Serial Killer Charles Cullen Speaks With 60 Minutes, Says If He Wasn’t Caught He’d Kill More

Charles Cullen, a serial killer who went undetected for 16-years, spoke with 60 Minutes about his crimes. The former nurse-turned-serial killer is accused of giving patients overdoses of medication, killing them in the process. It is believed the serial killer murdered at least 40 people in New Jersey and Pennsylvania.

Charles Cullen was caught in 2003 and sentenced to 6 life sentances in 2006. In his interview Cullen said he probably would have kept killing were he not caught.

60 Minutes aired a show last night in which correspondent Steve Kroft and producer Graham Messick interviewed the serial killer accused of murdering patients under his care as a nurse.

"It takes a really subversive, devious mind to break all the rules, and actually use that to commit the worst crime of all," Messick said in a 60 Minutes Overtime video.

"When we interviewed him -- and he's been in this particular prison for nine years -- I thought we were gonna see somebody who has really come to grips with what they'd done. He hasn't," Messick added.

Journalist Steve Kroft spoke with Charles Cullen, unsure if the serial killer would sit there and answer all of his questions.

"He ended up talking for 80-minutes," Kroft said.

Kroft asked Cullen, "Did you consider yourself to be a good nurse?"

"For the most part yeah," a sullen and worn out looking Cullen responded. During his 60 Minutes interview Cullen displayed very little emotion. The only facial expression he made was one of annoyance.

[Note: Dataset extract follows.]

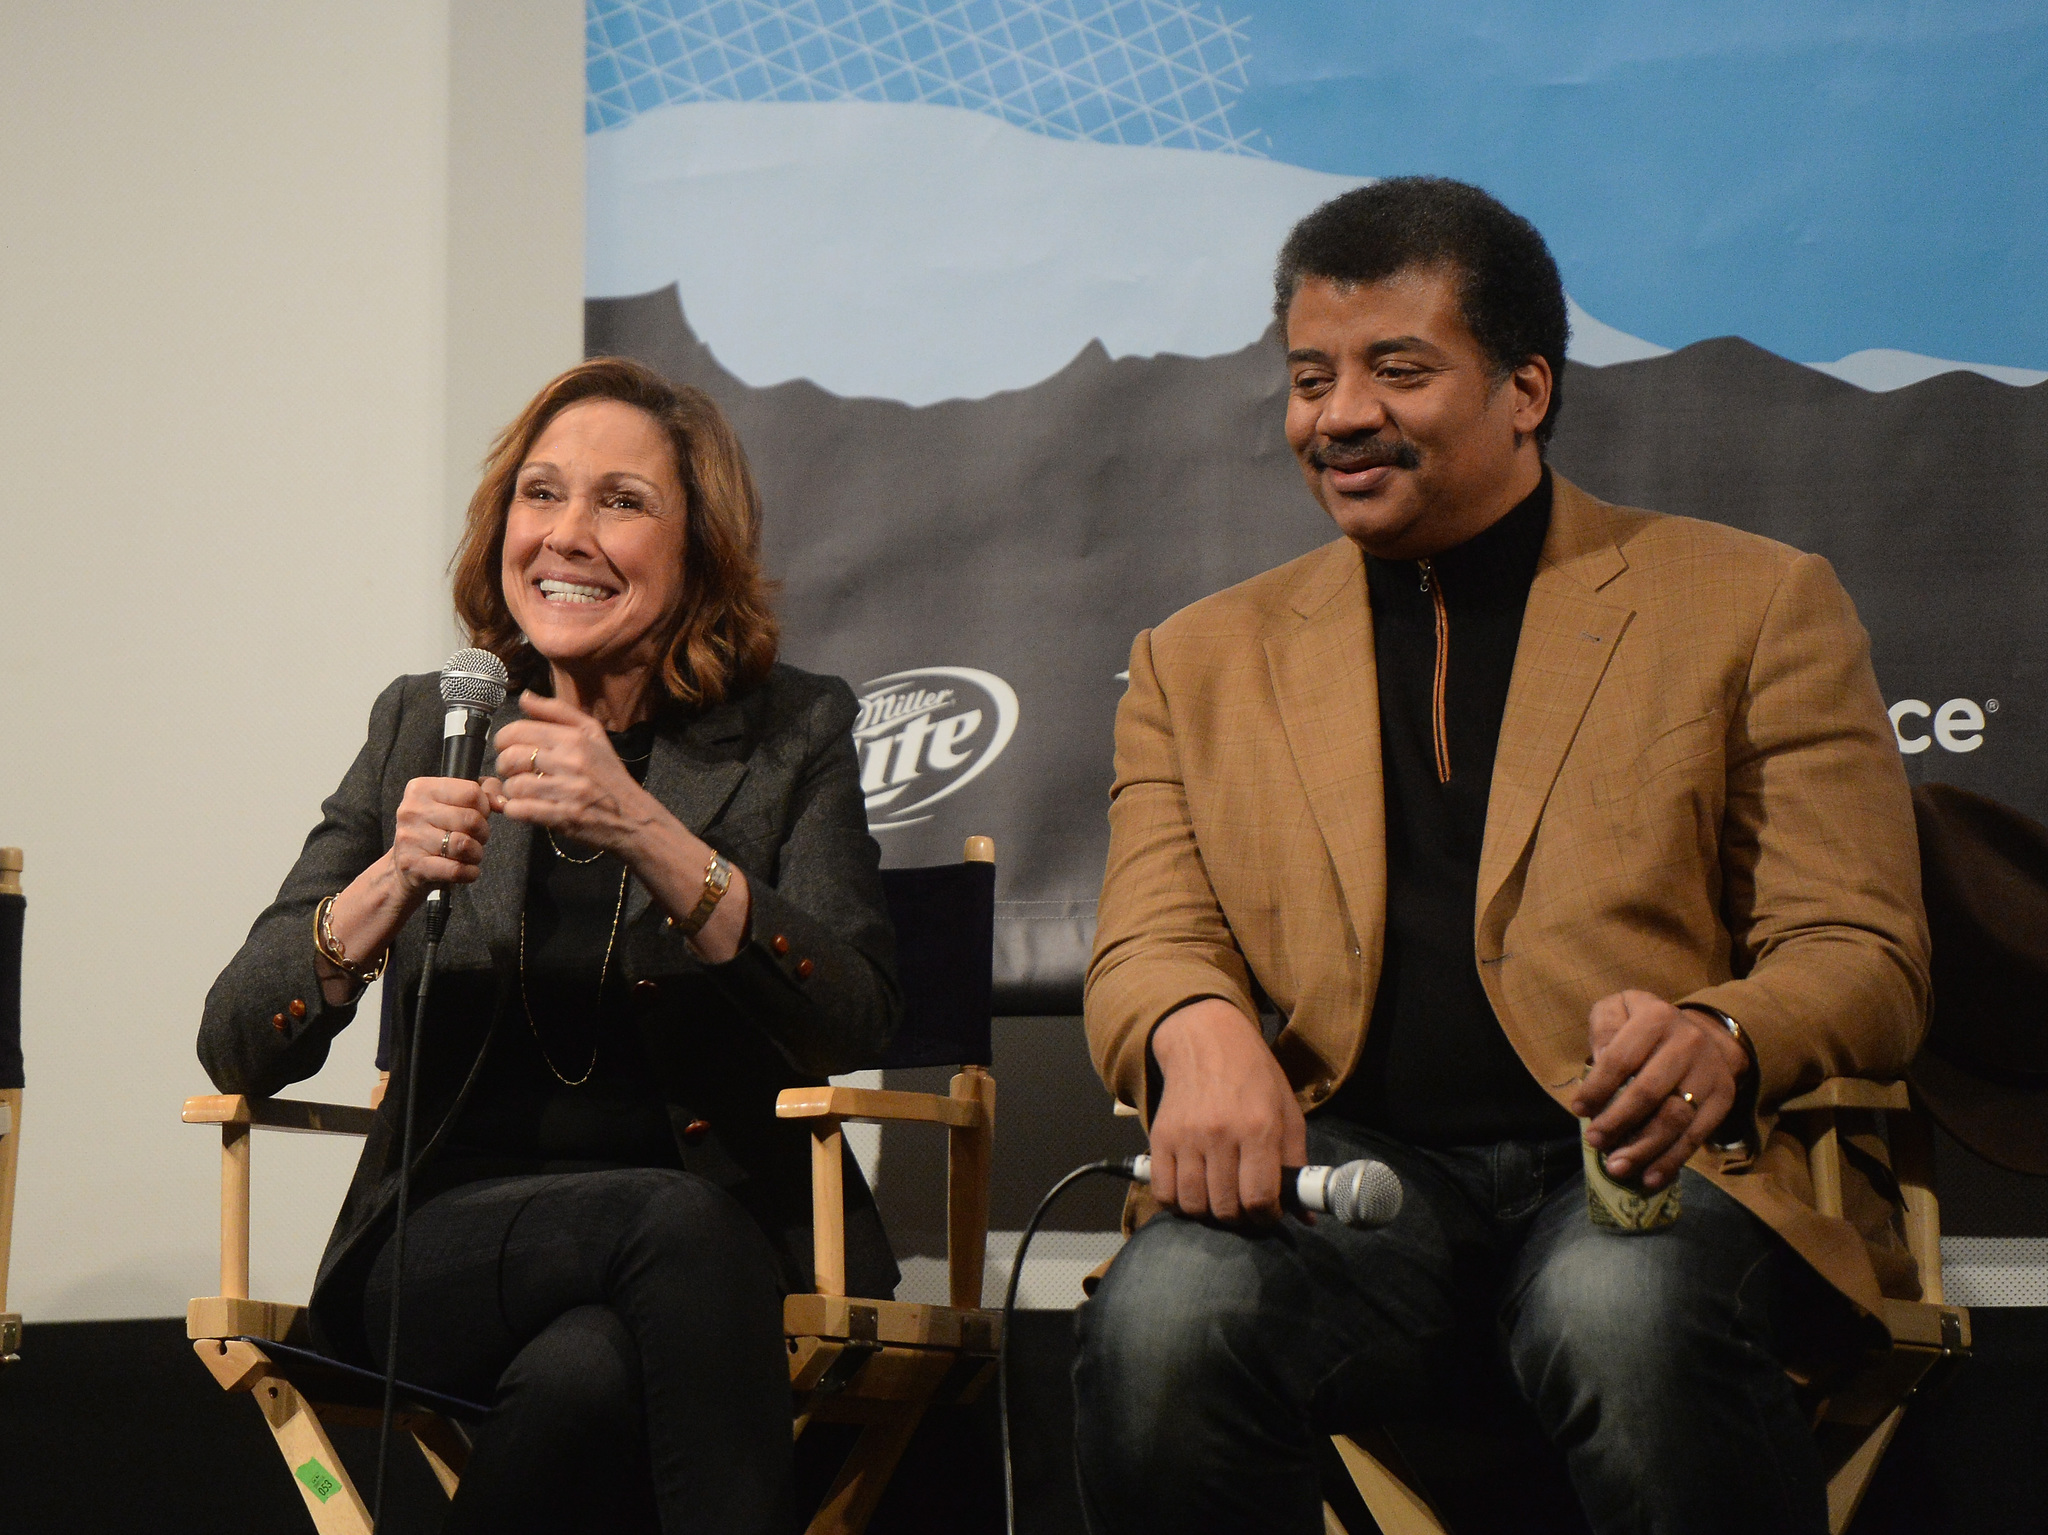 Ann Druyan and Neil deGrasse Tyson at event of Cosmos: A Spacetime Odyssey (2014)

On CBS.com, 60 Minutes posted a behind the story video in which the producers spoke about putting the story together. One of the associate producers said that their goal was to make sure the families of the victims were represented properly.

"We tried really hard in a number of ways to give the families something about why he did it," said Kroft. "

Kroft asked Cullen why he did what he did but did not get a clear answer. Kroft did his best to try and "engage Cullen in conversation" in an attempt to find out why he killed 40 people.

In the 60 Minutes interview, Cullen said the first time he killed a patient was when he was a nurse in the burn unit. Cullen said he killed the person to keep them from suffering.

"The patient was John Yengo, a judge from New Jersey, who was suffering from a severe case of sunburn, until Cullen injected him with a fatal overdose of lidocaine," says CBS News.

CBSnews.com has transcripts of the interview between Kroft and Cullen:

Steve Kroft: Was it personal?

Charles Cullen: No, no.

Steve Kroft: Did you get pleasure out of it? Satisfaction? Relief?

Charles Cullen: No, I thought that people weren't suffering anymore. So, in a sense, I thought I was helping.